The sage dynamic control system using MMRRSPNN control and RGWO with two adjusted factors has been favorably used for electromagnetic torque control of the SIM expelled CVT clumped system with good robustness. The proposed control method, which can execute intendant control system, MRRSPNN control and the repay control, was proposed to decrease and sleek the control intensity when the system’s states are within the specified bound range.

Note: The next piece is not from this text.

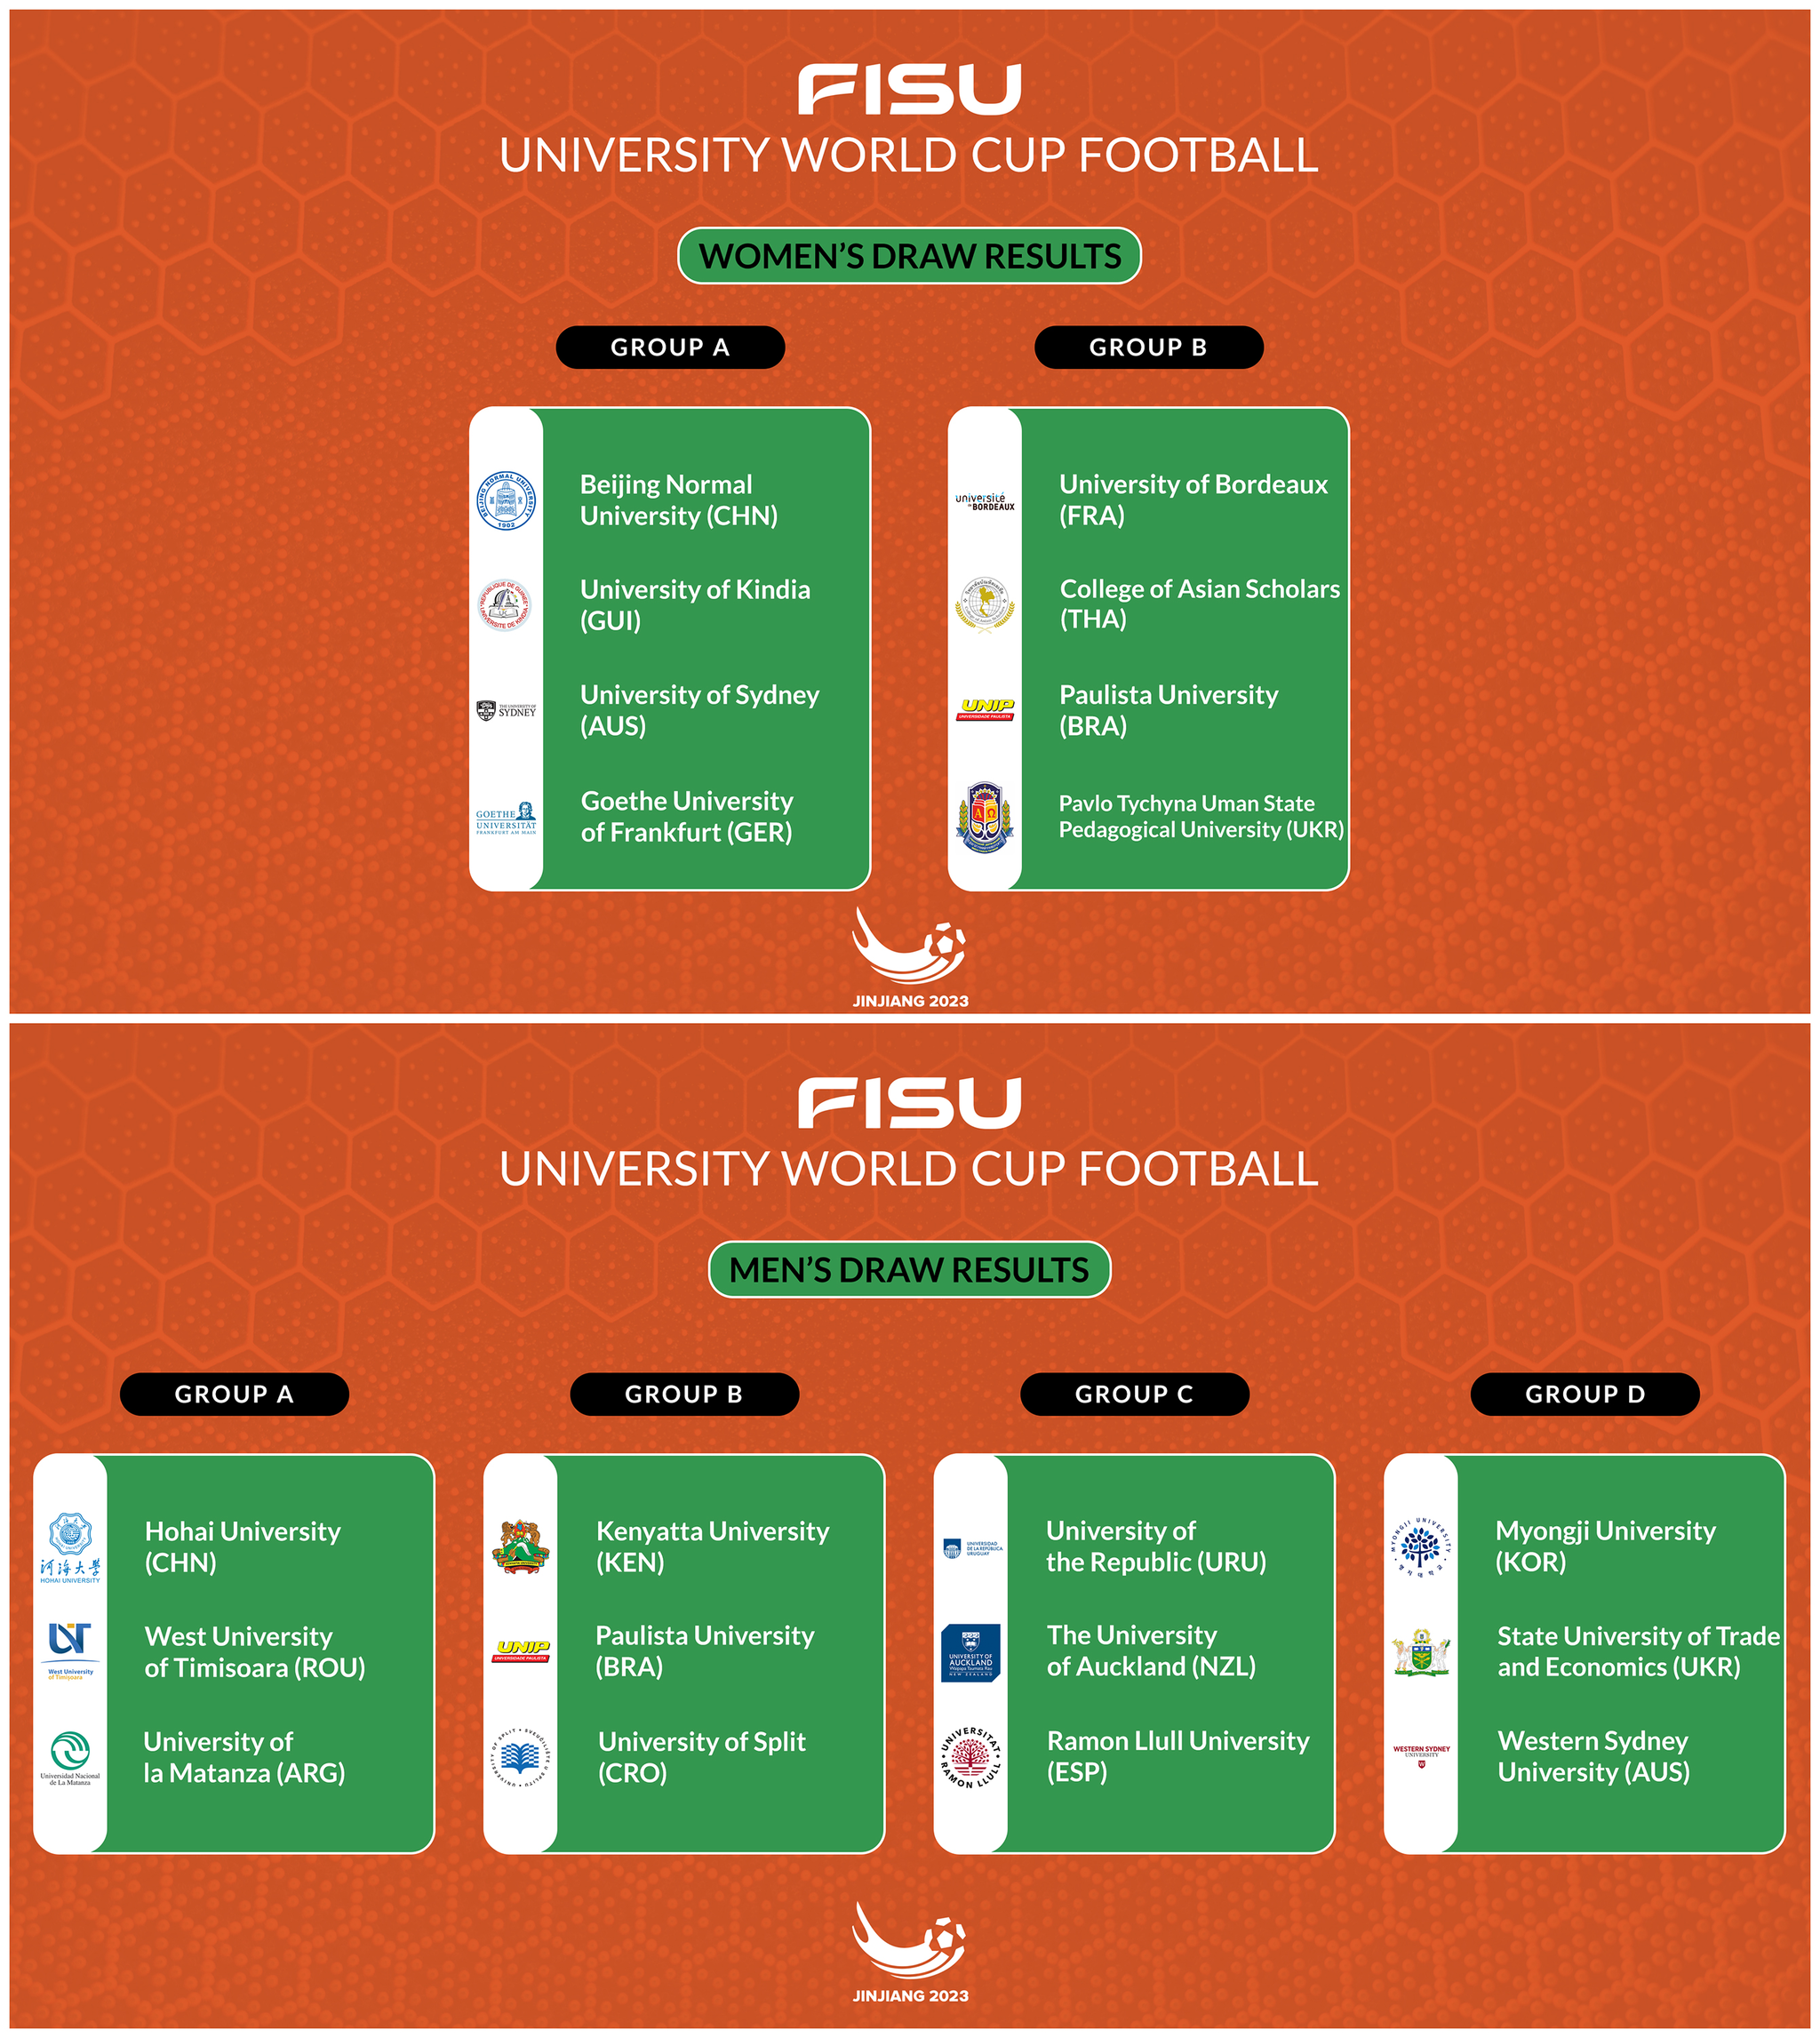 FISU University World Cups - FISU

The primary contributions of this study are below as: (a) the simplified dynamic models of the CVT expelled by the SIM with nonlinear uncertainties were smoothly originated, (b) the MMRRSPNN control system was well employed for the SIM expelled CVT clumped system under intact nonlinear outward disturbances to improve robustness, (c) the fitted learning rule in the MRRSPNN control and the evaluated rule in the repay control were successfully established by used of the Lyapunov stability theorem, (d) the RGWO with two adjusted factors was well used for changing two varied learning rates of connective and recurrent weights in the MRRSPNN to achieve good convergence, and (e) the sage dynamic control system using MMRRSPNN control and RGWO with two adjusted factors as the controller XT3 is superior to the celebrated PI controller as the controller XT1 and the MRRHPNN control system with mend ACO [1] as the controller XT2 in torque ripple reduction and control performances.

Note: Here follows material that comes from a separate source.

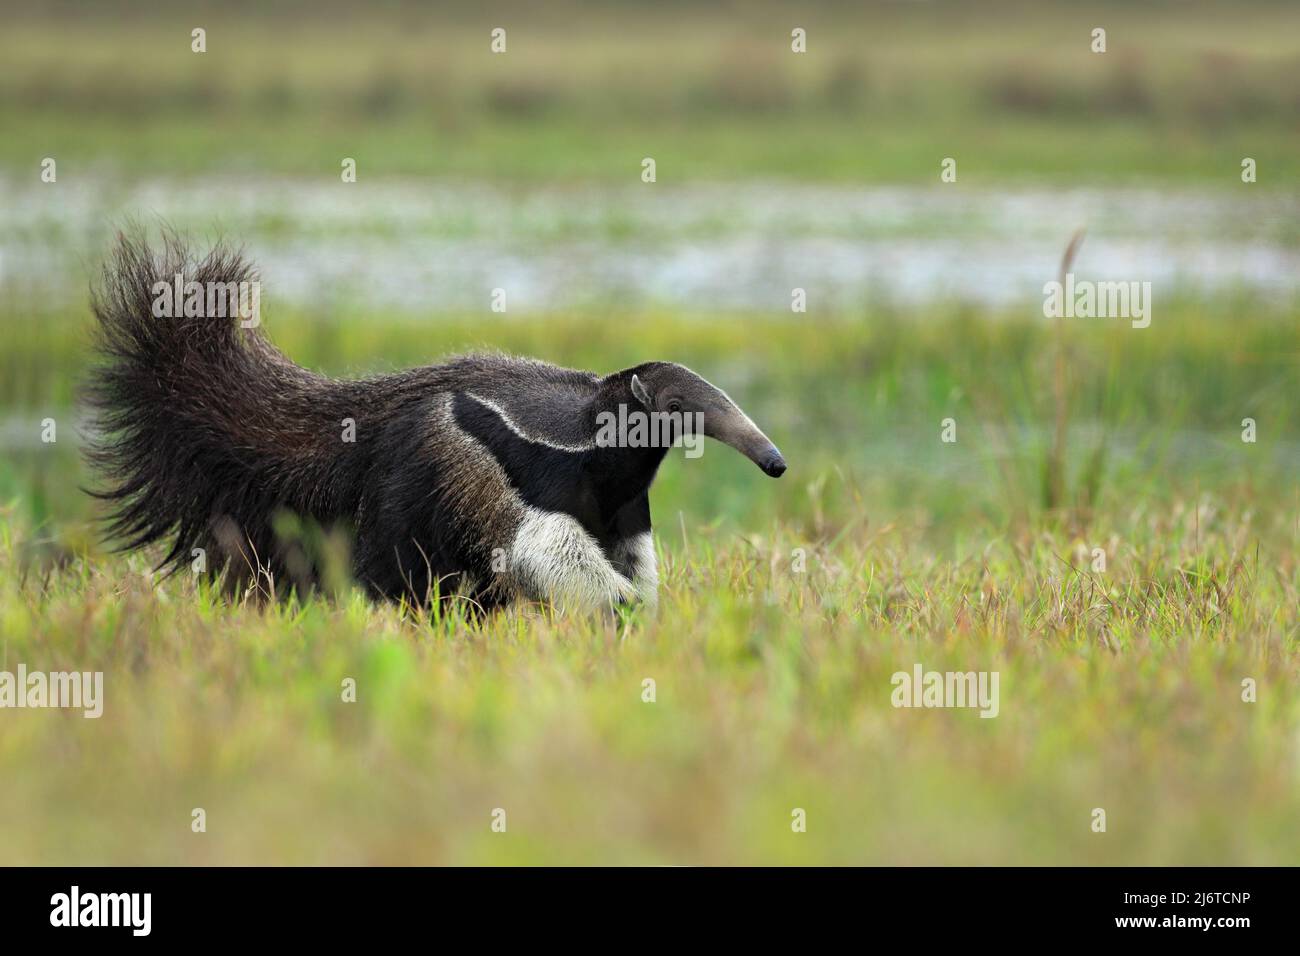 Running Giant Anteater, Myrmecophaga tridactyla, animal with long tail ane log nose, Pantanal, Brazil Stock Photo

Finally, the controller XT3 is superior to the controller XT1 and the controller XT2 from three tested results and control performances for the SIM expelled CVT clumped system in the speed tracking error, the dynamic response, the load regulation ability, the rejection ability for parameter disturbance, the convergent speed and the torque ripple (V-belt shaking friction action) from Tables 1 and 2. Besides, transient response of the controller XT3 demonstrates better convergence and fine load regulation than the controller XT1 and the controller XT2. Furthermore, the RGWO with two adjusted factors has better performances in terms of solution quality, robustness and convergence to global optimum than MGWO and GWA with borda count from Table 4 and Fig. 20.
Footnotes
Conflicts of interest
The authors declare no conflict of interest.